Habis satu masalah, buntunya pun
mengikuti. Tak cukup merdeka saja untuk mencapai kesejahteraan
publik, utopia tiap bangsa. Tak lama pasca proklamasi, pemuda
Indonesia harus turun kembali ke medan perjuangan. Pasalnya,
pemerintah yang diandalkan rakyat rupanya membelot, menguntungkan
dirinya sendiri dan menyengsarakan rakyat dengan politik otoriter.
Walaupun upaya pemuda berhasil, lagi-lagi tak sedikit korban jatuh di
pihak rakyat, pun pemuda sendiri.
Pemuda lagi, lagi-lagi yang muda.
Memang benar, sebelum tiba kehancuran
hakiki masalah takkan pernah habis, lagi dan datang lagi. Rupanya
setelah rea reformasi dibentuk, masalah semakin banyak dan kompleks,
menampakkan cacat bangsa ini. Apalagi korupsi. Agaknya sangat
terlambat kita sadari – atau mungkin sengaja – korupsi
menggerogoti bangsa ini. Namun bila kita mau menilik lebih tajam,
sebenarnya permasalahan ini sudah terlanjur basi. Oknum-oknum
pemerintahan sudah terbiasa dengan lingkungan – budaya – korupsi,
meski awalnya mereka tak memiliki itikad memperkaya diri. Namun –
meski tidak semua – ternyata bau korupsi lebih merangsang hasrat
tiap oknum pemerintah yang masih nggumun
dengan harta dan kuasa, membuatnya menggadaikan loyalitas terhadap
negeri dan menarik kesempatan kotor.Bahkan lebih dari itu, bau
korupsi – musuh kita yang ‘baru’ – ini sudah menjangkiti
hamper seluruh elemen yang bercelah keuntungan pribadi, termasuk di
dunia swasta. Kenyataan ini sudah begitu lekat dalam kehidupan kita,
tak ayal bila ‘budaya korupsi’ adalah kata yang pantas sebagai
gelarnya.
Satu pengalaman menarik yang saya
alami kala terlibat dalam kepanitiaan sebuah acara. Ternyata
pengeluaran yang terjadi di lapangan lebih sedikit dari yang sudah
dijadwalkan di proposal. Alhasil menghasilkan sisa yang menganggur.
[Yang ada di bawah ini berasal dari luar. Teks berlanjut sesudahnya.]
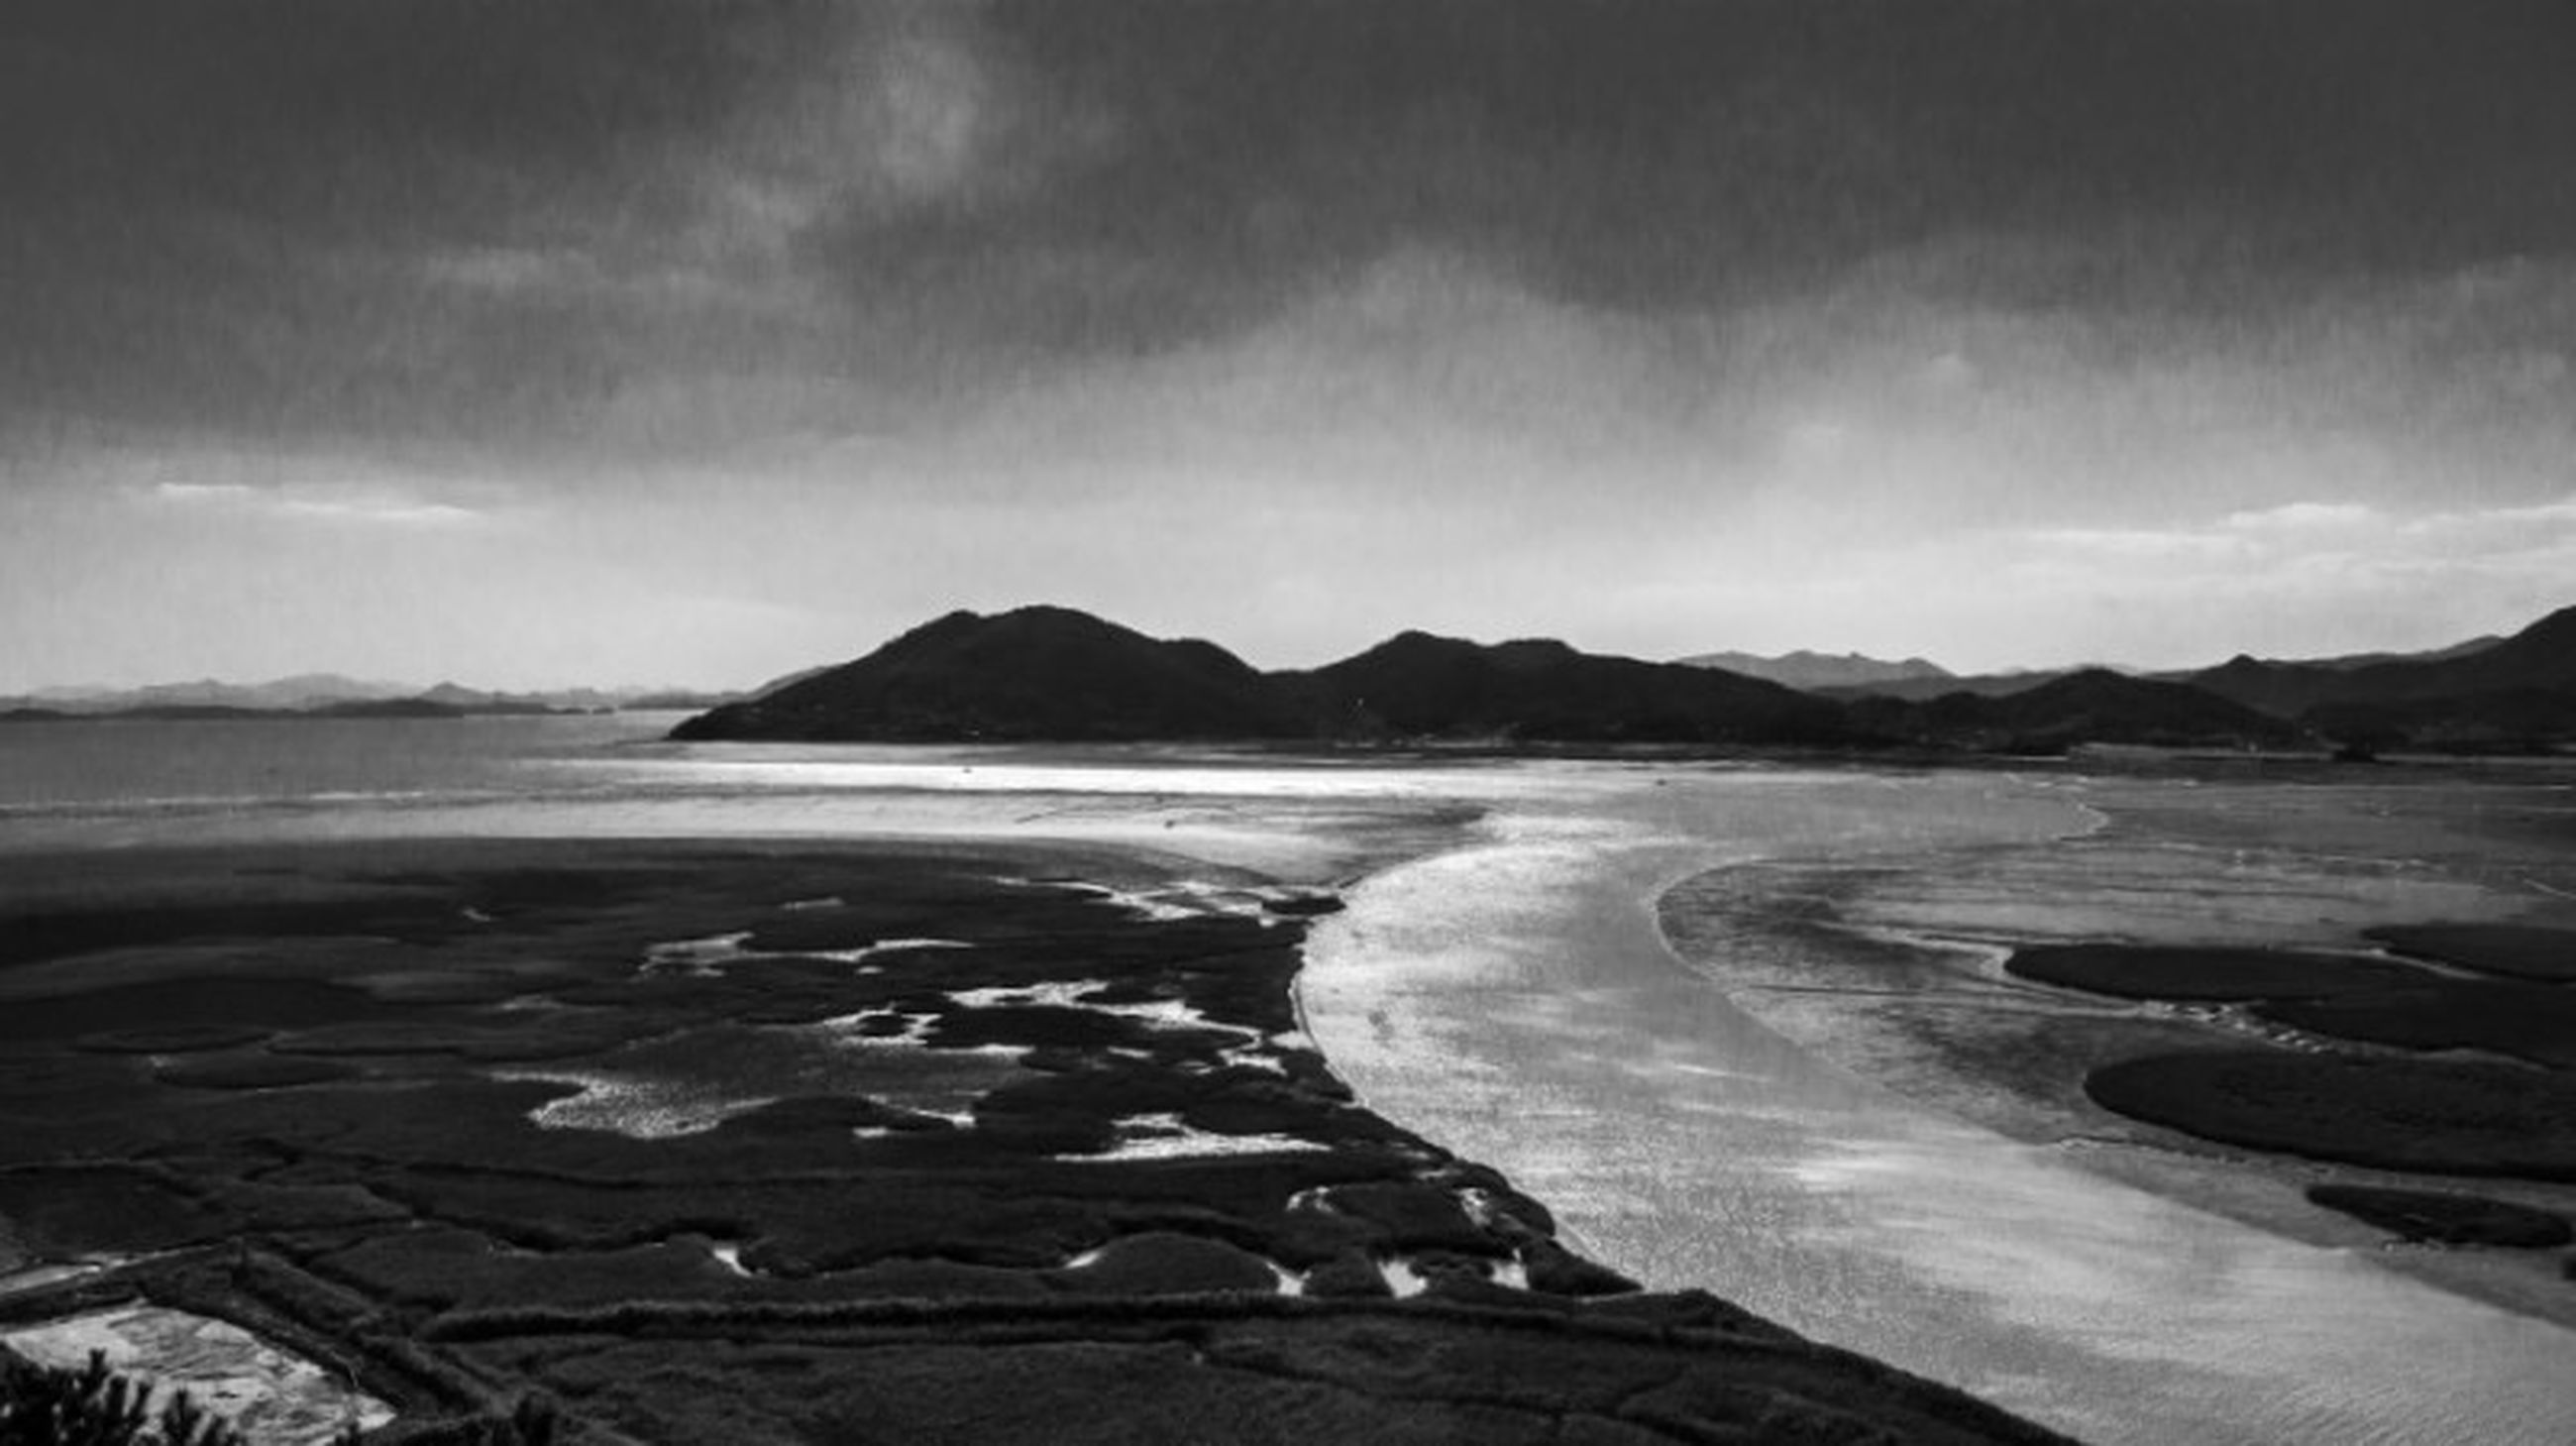 water, tranquil scene, sky, tranquility, scenics, sea, beach, beauty in nature, mountain, nature, shore, coastline, cloud - sky, idyllic, sand, rock - object, non-urban scene, cloud, remote, day

Dalam protokoler organizer – katanya- saldo akhir keuangan harus
nol, tak kurang tak lebih, titik. Sejenak saya merasa aneh, saya
merasakan sebuah indikasi korupsi ketika kawan senior saya
membelanjakan uang sisa tersebut untuk dimakan sendiri. “Ini sudah
biasa, kalau tersisa malah salah, karena perhitungannya keliru.”
Katanya sambil menertawakan saya.
Ternyata pengalaman saya ini memang
hal yang marak terjadi. Banyak saya temukan kejadian serupa di
kepanitiaan lain, bahkan di lingkup pemuda. Dan semua kejadian ini
sudah dianggap biasa. Entah mana yang benar, tetapi fakta ini –
saya berani menyimpulkan – sudah menunjukkan bahwa korupsi sudah
sangat lekat dengan kehidupan kita.
Korupsi, begitulah namanya.
Akhir-akhir ini seringkali terngiang di telinga kita, terutama
setelah KPK diresmikan. Berkat kemunculannya, lumayan, banyak orang
yang akhirnya tersadar akan kekacauan besar dalam sistem keuangan di
negeri ini. Namun, sangat disayangkan, kemunculan KPK ini nyatanya
tidak bisa mengurangi jumlah korupsi yang terjadi. Begitu sedikit
kasus yang bisa terselesaikan, jauh lebih sedikit dari kasus yang
ditangani, apalagi kasus yang belum bisa ditangani. Dan itu masih
jauh lebih sedikit dari praktik korupsi yang terjadi.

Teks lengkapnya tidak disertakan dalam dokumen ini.